An American Socialist author expresses the opinion of many Socialists when he says of the movement: "It strives by all efforts in its power to increase its vote at the ballot box. It believes that by this increase the attainment of its goal is brought ever nearer, and also that the menace of this increasing vote induces the capitalist class to grant concessions in the hope of preventing further increases. It criticizes non-Socialist efforts at reform as comparatively barren of positive benefit and as tending, on the whole, to insure the dominance of the capitalist class and to continue the grave social evils now prevalent."[169] (My italics.)
Because non-Socialist reforms tend to prolong the domination of the capitalist class, which no Socialist doubts, it is asserted that they are also comparatively barren of positive benefit. And if, from time to time and in contradiction to this view, changes are bought about by non-Socialist governments which undeniably do very much improve the condition of the working people, it is reasoned that this was done by the menace either of a Socialist revolution or of a Socialist electoral majority.
"A Socialist reform must be in the nature of a working-class conquest," says Mr. Hillquit in his "Socialism in Theory and Practice"—expressing this very widespread Socialist opinion. He says that reforms inaugurated by small farmers, manufacturers, or traders, cause an "arrest of development or even a return to conditions of past ages, while the reforms of the more educated classes if less reactionary are not of a more efficient type."
"The task of developing and extending factory legislation falls entirely on the organized workmen," according to this view, because the dominant classes have no interest in developing it, while the evils of the slums and of the employment of women and children in industry can be cured only by Socialism. Such reforms as can be obtained in this direction, though they are not considered by Mr. Hillquit "as the beginnings or installments of a Socialist system," he holds are to be obtained only with Socialist aid.
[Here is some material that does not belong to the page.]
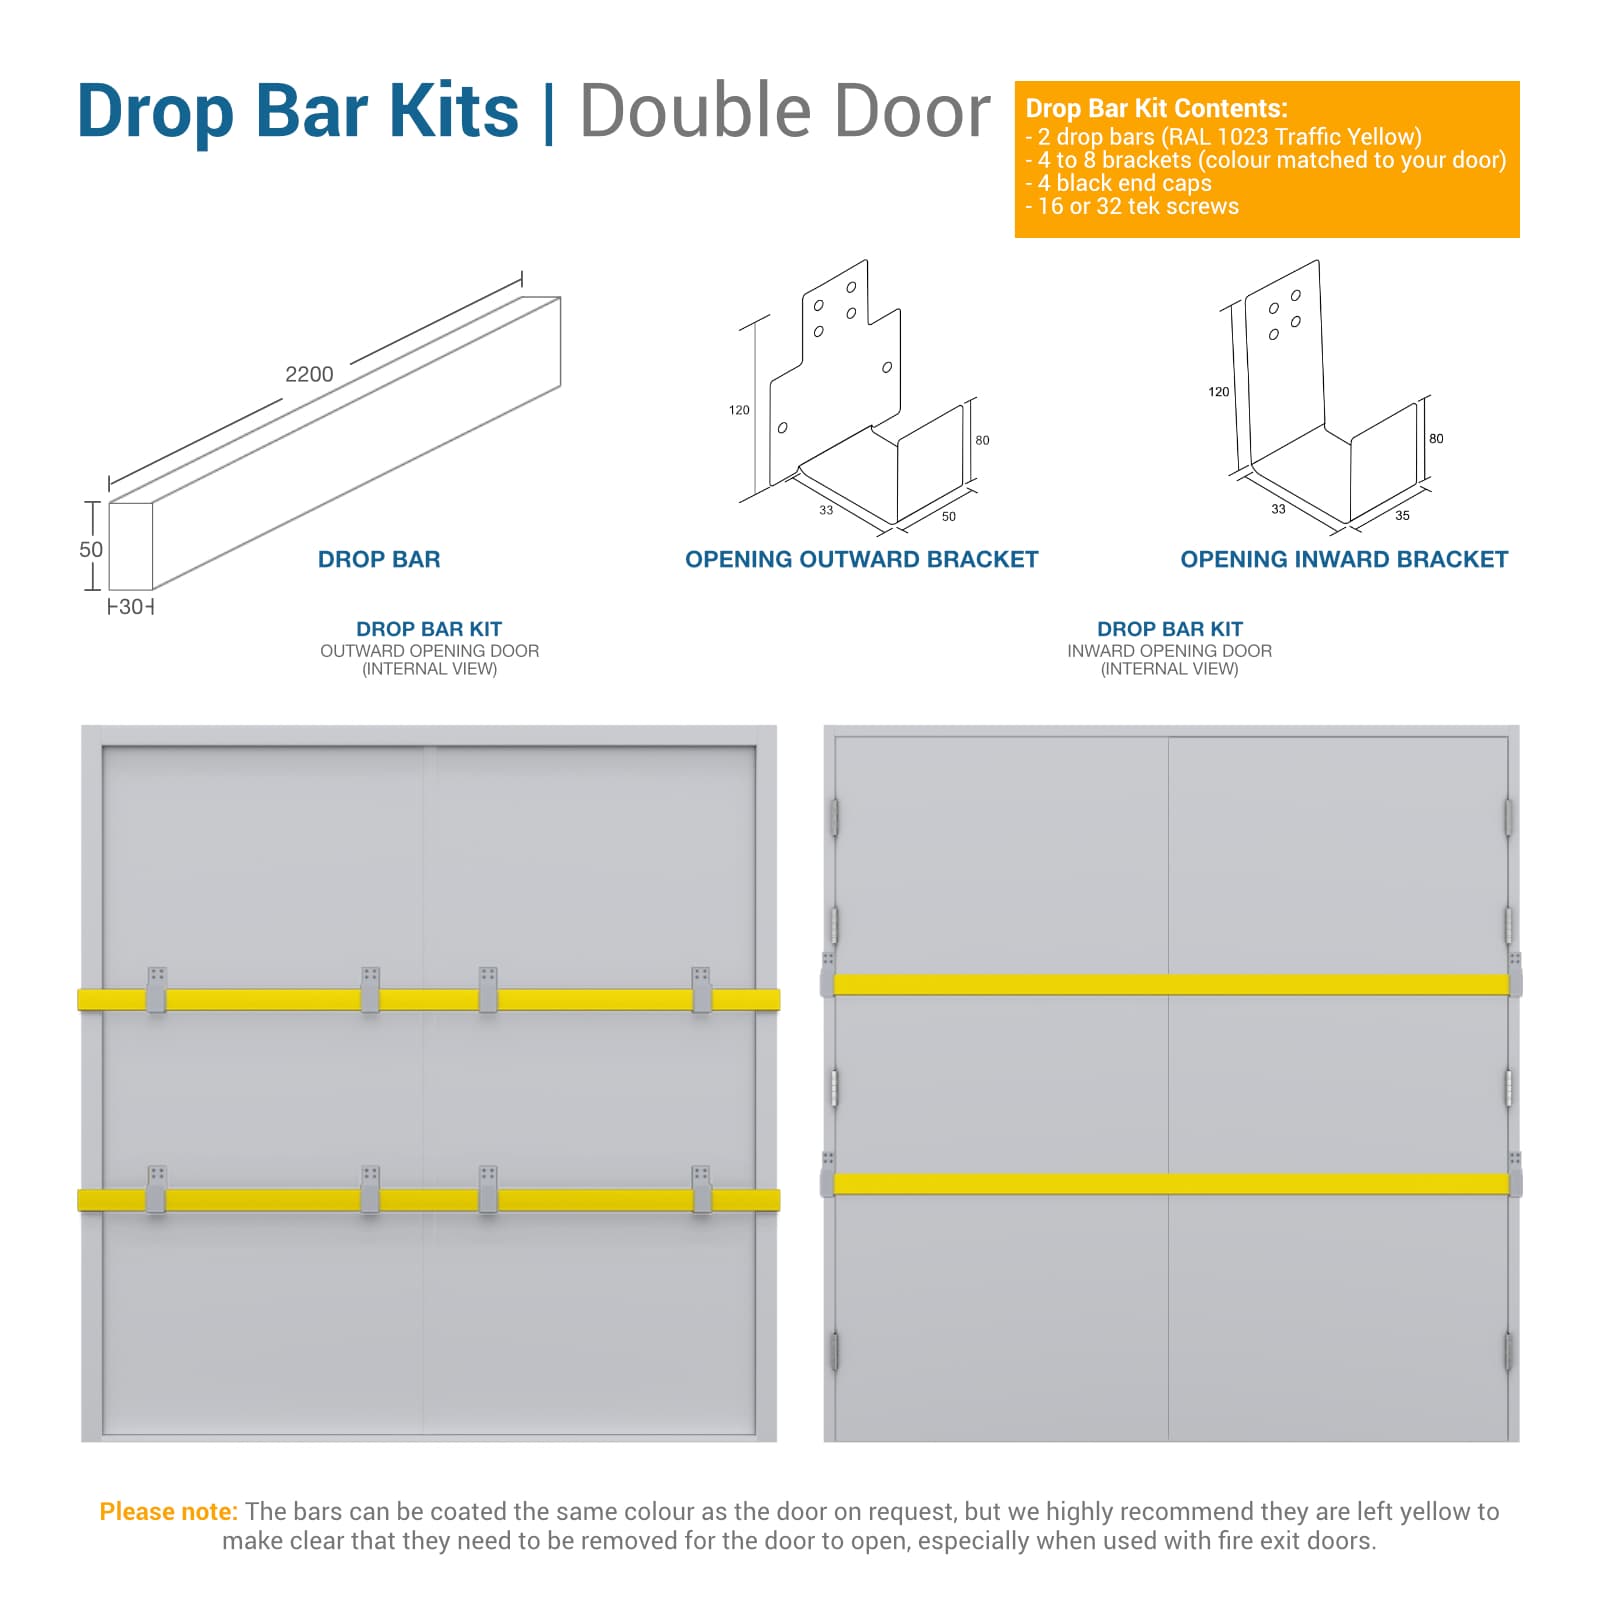 Image showing the contents of a double steel door drop bar kit

In other words, while capitalism is not altogether unable or unwilling to benefit the working people, it can do little, and even this little is due to the presence of the Socialists.
Another example of the "reformist's" view may be seen in the editorials of Mr. Berger, in the Social-Democratic Herald, of Milwaukee, where he says that the Social-Democrats never fail to declare that with all the social reforms, good and worthy of support as they may be, conditions cannot be permanently improved. That is to say, present-day reforms are not only of secondary importance, but that they are of merely temporary effect.
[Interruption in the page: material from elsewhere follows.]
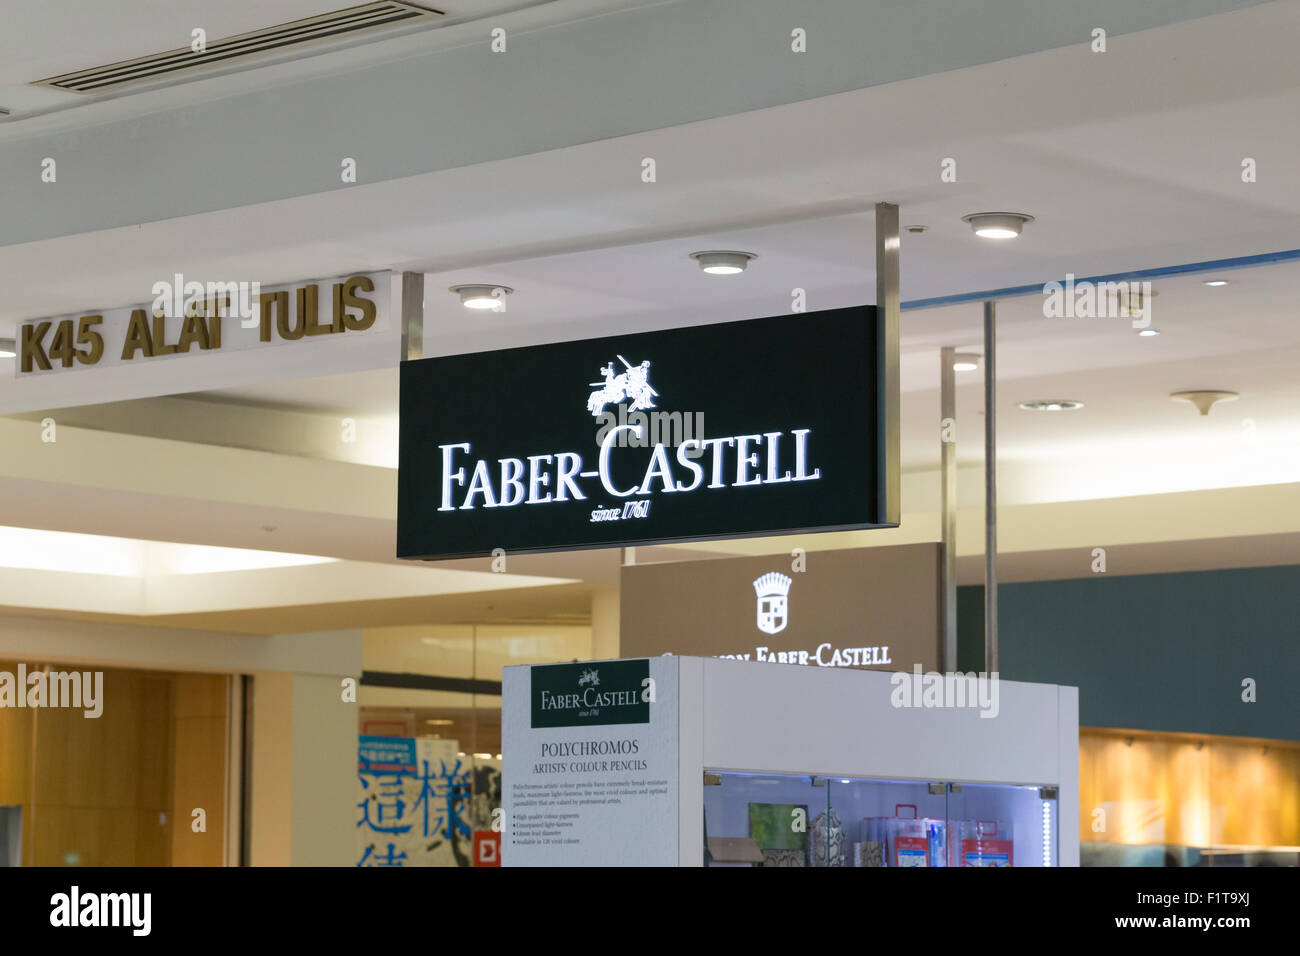 Faber Castell shop Stock Photo

"There is nothing more to hope from the property-holding classes."
"The bourgeois reformers are constantly getting less progressive and allying themselves more and more with the reactionaries."
"It is impossible that the capitalists should accomplish any important reform."
"With all social reform, short of Socialism itself, conditions cannot be permanently improved."
These and many similar expressions are either quotations from well-known Socialist authors or phrases in common use. Many French and German Socialists have even called the whole "State Socialist" program "social-demagogy." As none of the reforms proposed by the capitalists are sufficient to balance the counteracting forces and to carry society along their direction, Socialists sometimes mistakenly feel that nothing whatever of benefit can come to the workers from capitalist government. As the capitalists' reforms all tend "to insure the dominance of the capitalist class," it is denied that they can cure any of the grave social evils now prevalent, and it is even asserted that they are reactionary.